【京都 8月21日】
本日、朝廷は源頼朝に征夷大将軍の官を授ける旨を宣し、使者が鎌倉へ発った。長く東国の治安と軍政を担ってきた頼朝の指導体制が、公的な官途によって裏付けられた形である。京の公卿の間では「軍事・警察の統率を委ね、諸国の乱を鎮めしむ」との評が聞かれた。
宣下は諸国の武士と荘園領主に広く示達され、今後は将軍の名において警固・逮捕・動員が命ぜられる見通しだ。すでに各地では守護・地頭の補任が進み、検断や年貢輸送の警備が強化されている。海道の要地には関所が整えられ、治安の引き締めが図られるという。

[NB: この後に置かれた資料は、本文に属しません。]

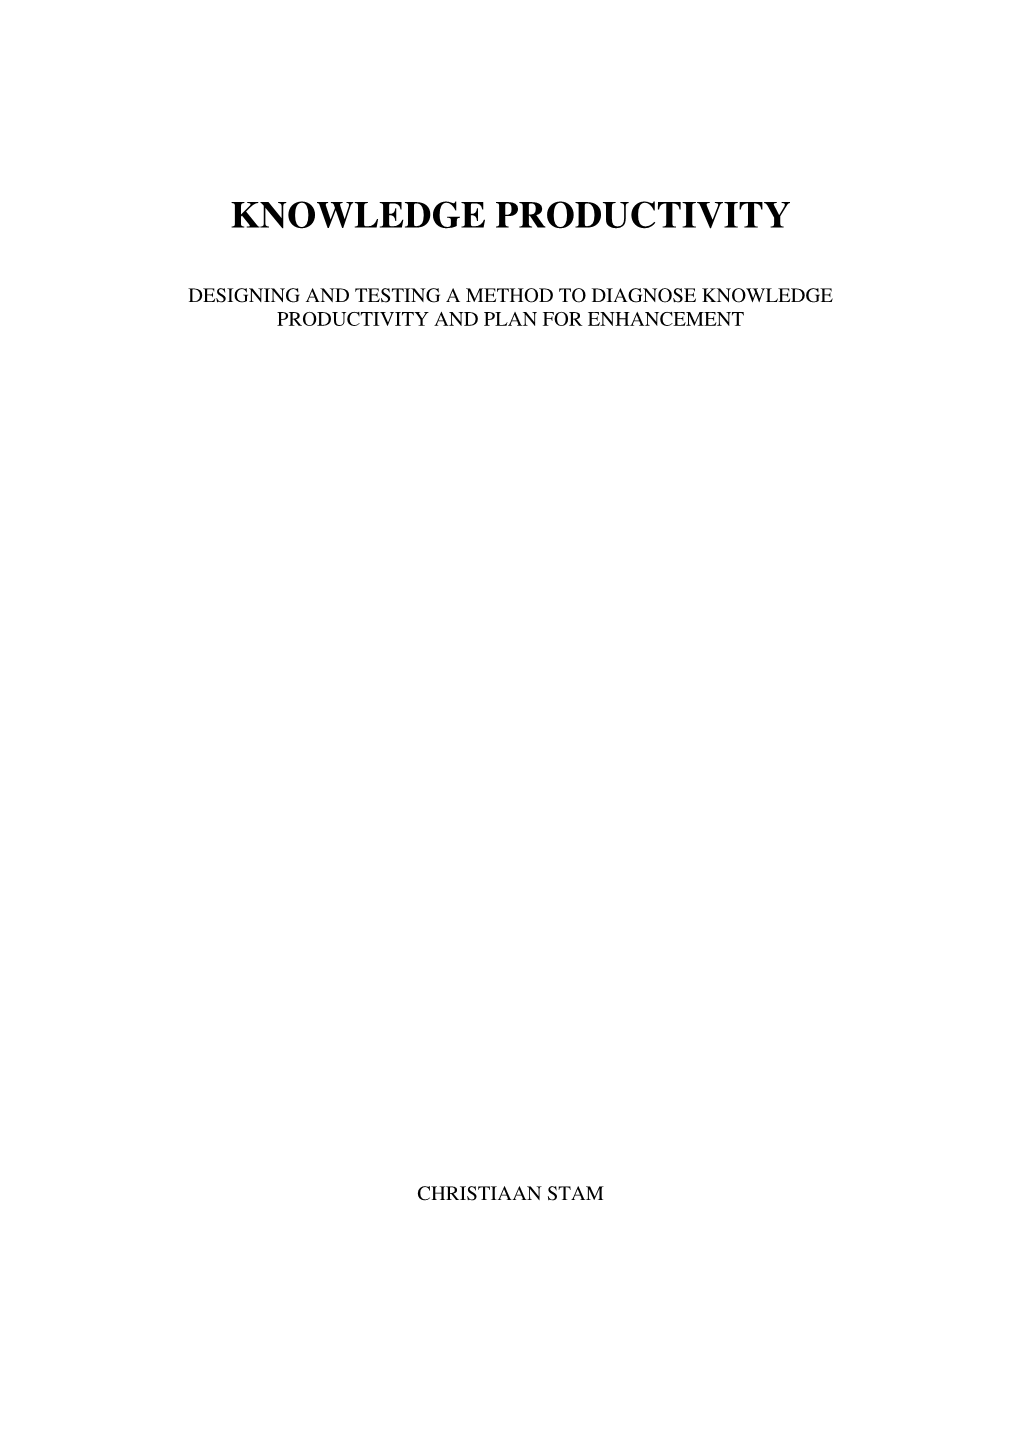 Knowledge Productivity

鎌倉では政所・侍所・問注所が相互に働き、訴訟・軍政・財政の機能が整いつつある。今回の任官により、その権能は朝廷の公認のもとで一段と明確化され、土地争論の裁断や所領目録の整理が加速するとみられる。東国の御家人からは「公私の秩序が定まる」と安堵の声が上がった。

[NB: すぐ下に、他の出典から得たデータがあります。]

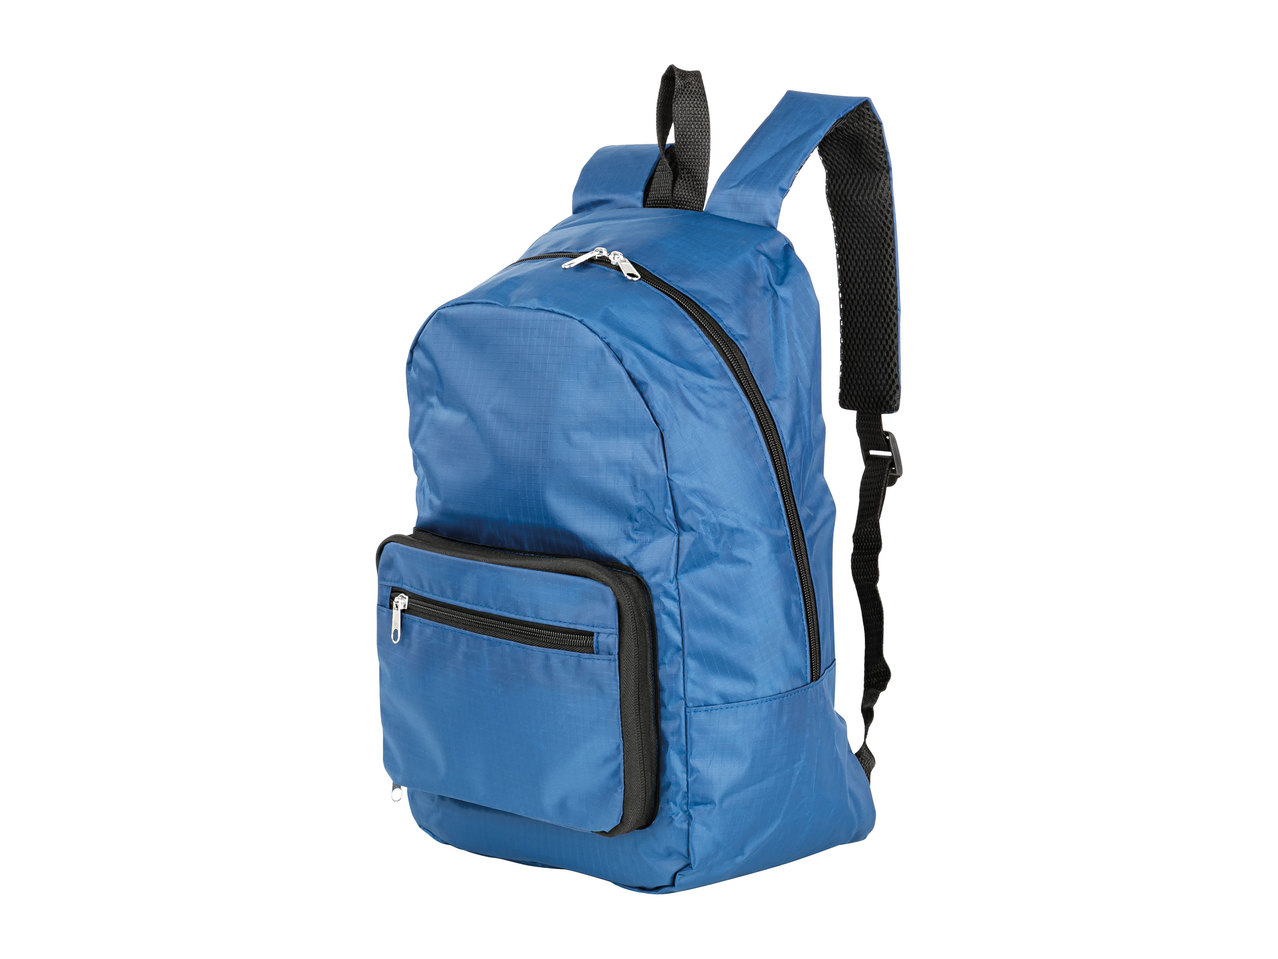 Top Move Foldable Backpack or Handbag1

一方、京では貴族社会への影響を案じる向きもある。ある廷臣は「武の力を官途に繋ぎとめ、礼の枠内に置くことが肝要」と語り、儀礼と実務の均衡に注意を促した。財政や軍役の負担をめぐり、朝廷と鎌倉の折衝が増える可能性も指摘される。
海道を急ぐ宣旨は、やがて鎌倉の将軍館で披露される。武家の政がいかなる法と礼で国を治めるのか―新たな局面を迎えた国のかたちに、諸国の視線が注がれている。